I don’t like Toyota. Even if I were to drown and the only way out was a Toyota boat, I’d still hate it. I’d board but dive immediately I smelt the shore. And I can’t help.
Hate is this emotion where you really have no control. Like you have this workmate whom you have hated from the first day regardless of the smiles he makes around you. You always feel that the lift should fail one evening, the day when he is the last guy to leave office, so that he stays caged and lonely for the night. Better still, you want it to be a Friday evening so he stays there till Monday 8.15 a.m when government cleaners open the doors. Sometimes you try very hard to like the felabut you always backtrack more than you advance.
The reason I don’t like Toyota dates back, back. Taktari was our rogue neighbour who kept disturbing our peace. For every day that had a morning, he played music from an old Sanyo radio that screamed those foolish songs. Each night, the music cut the air like it was war. Then his wives always fought and called each other obscenities, but even that was nothing compared to the green Sanyo thing.
But if you belong to those days you’d know that the issue was not just noise making. That the noise was from a Sanyo meant he was one mile ahead of us in affluence. It reminded us our page and chapter in Maslow’s books of truth. It told the number of meals he could afford. He just had to let it scream and you’d remember that his kids were the only ones who went to school in shoes, who spoke Swahili, who went home to lunch, and who sometimes owned a leather football. Then you’d understand how insignificant your family was. Let’s just say that a family that owned a Sanyo those days could only compare to a family that shops in Dubai today.

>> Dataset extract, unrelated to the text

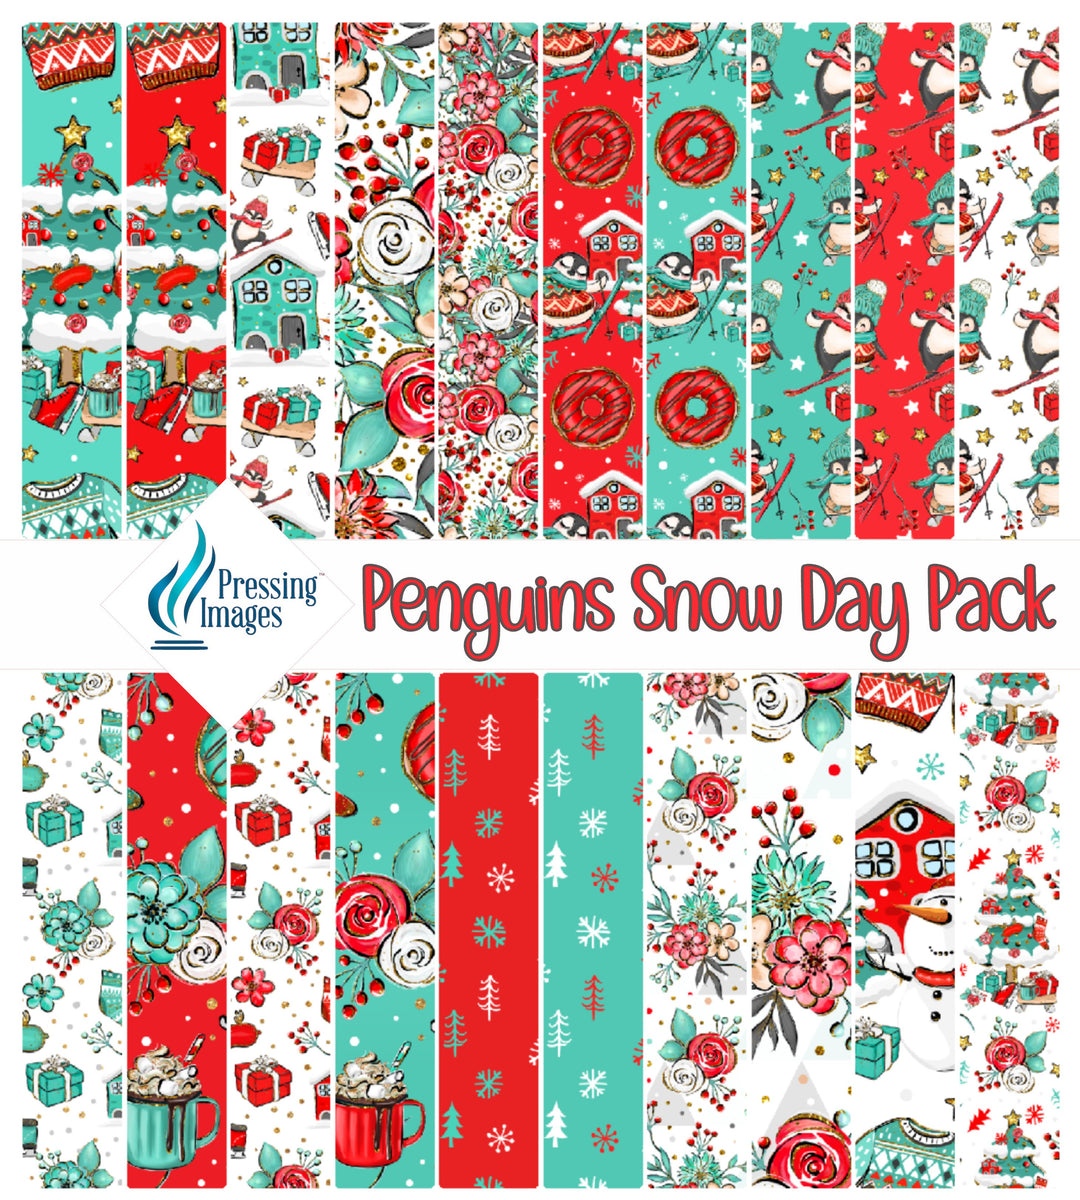 Penguins Snow Day Pack

So one day, when the Hiace guys were repairing the road at our market centre, we heard loud screeching. Now our market place is so designed that any such drama will be received by almost everyone instantly. We rushed to the spot. Even in that immediacy, word had already travelled that it was a bad accident. Victim? None other than Taktari himself.
I ran. The prospect that we would have peaceful days propelled me to run even faster. I can’t tell what others were going to do. Mine was simple: I wanted to see how the idiot had died. I wanted to see if he had died facing the sky or he had planted his nose into the tarmac. But importantly, I wanted to prove that he was dead as wood.
I remember surging forward strongly and hoping that his trouser be torn and his privates be out just for nature’s poetic justice.
People were crowded. I think I saw some blood stains and the air of death gave me satisfaction. Having passed by Taktari’s second wife screaming, I inwardly nodded and promised myself to be happier once I saw the limb body. There was also this kid who came running and screaming for his departed father. Amazingly, that home had chosen a uniform brand of durable lungs – from the Sanyo, to the last wife, to the kids.
A few metres away from the swelling crowd sat the guilty Toyota Hilux which Sergeant Inengeya had recently bought from his retirement wealth. I was in no hurry and since I wanted to have sufficient foreplay, I first went to the metal to examine the extent of damage. It would be great guessing and confirming how many teeth the bastard had lost before parting with the soul.
The Toyota had smashed its front into a tree in whose shade sat a cobbler on other days. The bumper was completely gone. The tyres still smelled from the braking. Its blood stained bonnet had flung upwards and you could see the sad radiator eulogising the man who owned a Sanyo radio. Now let’s see who will buy the dry cells.
When I turned to go meet the epitome of my happiness, the first person I met was our neighbour’s senior wife who was driving home two big goats. Already…? In her trail walked a proud man in those Taliban gowns and who held his prestigious staff. The story later unfolded of how our bastard had bought four goats at the market and was taking them home when a stray Toyota tried to avoid a pothole and finally ran into them. It killed two goats and missed the owner by a hair.
I have hated Toyota since then. That was justice it failed to deliver. Why miss such a person by a hair? When the Japs (I don’t know who makes Toyota) were making it, did they agree that it should be missing enemies by a whisker? And I pitied the sergeant for using his goodbye wages to buy such a blunt, foolish, and lazy van that would keep missing people by a whisker.
So it is official that I hate Toyota; put it down. I also hate Maths teachers; I hate Maths itself. I hate men with bad manners. I hate job interviews. I hate my landlord.
And apart from hate, my life builds around other hidden blocks about which I can’t help myself either. Fear, love, scholarship, Shotokan, and beautiful women, are all mine.
I fear the female anopheles mosquito, snakes, bedbugs, a cold shower, and a beautiful woman who uses makeup. I read Achebe, Naipaul, Lehane, Chomsky and other liars. I support Leopards, Leopards, Leopards and Leopards. I do mawashigeri and love giyakuzuki. I dislike models who don’t fart. And I still hate our neighbour, his 27 children and the Sanyo – wherever it went.
Now welcome to this space where we rant and rant all day. This is where we say the shit we like and nobody asks a question. We will laugh together, peel onions together, love each other, lie to each other and request that we kindly believe the lies. Who doesn’t lie anyway?
Welcome and let’s celebrate our full site, papawere.com. To (dot)wordpress(dot)com, bye bye Vietnam.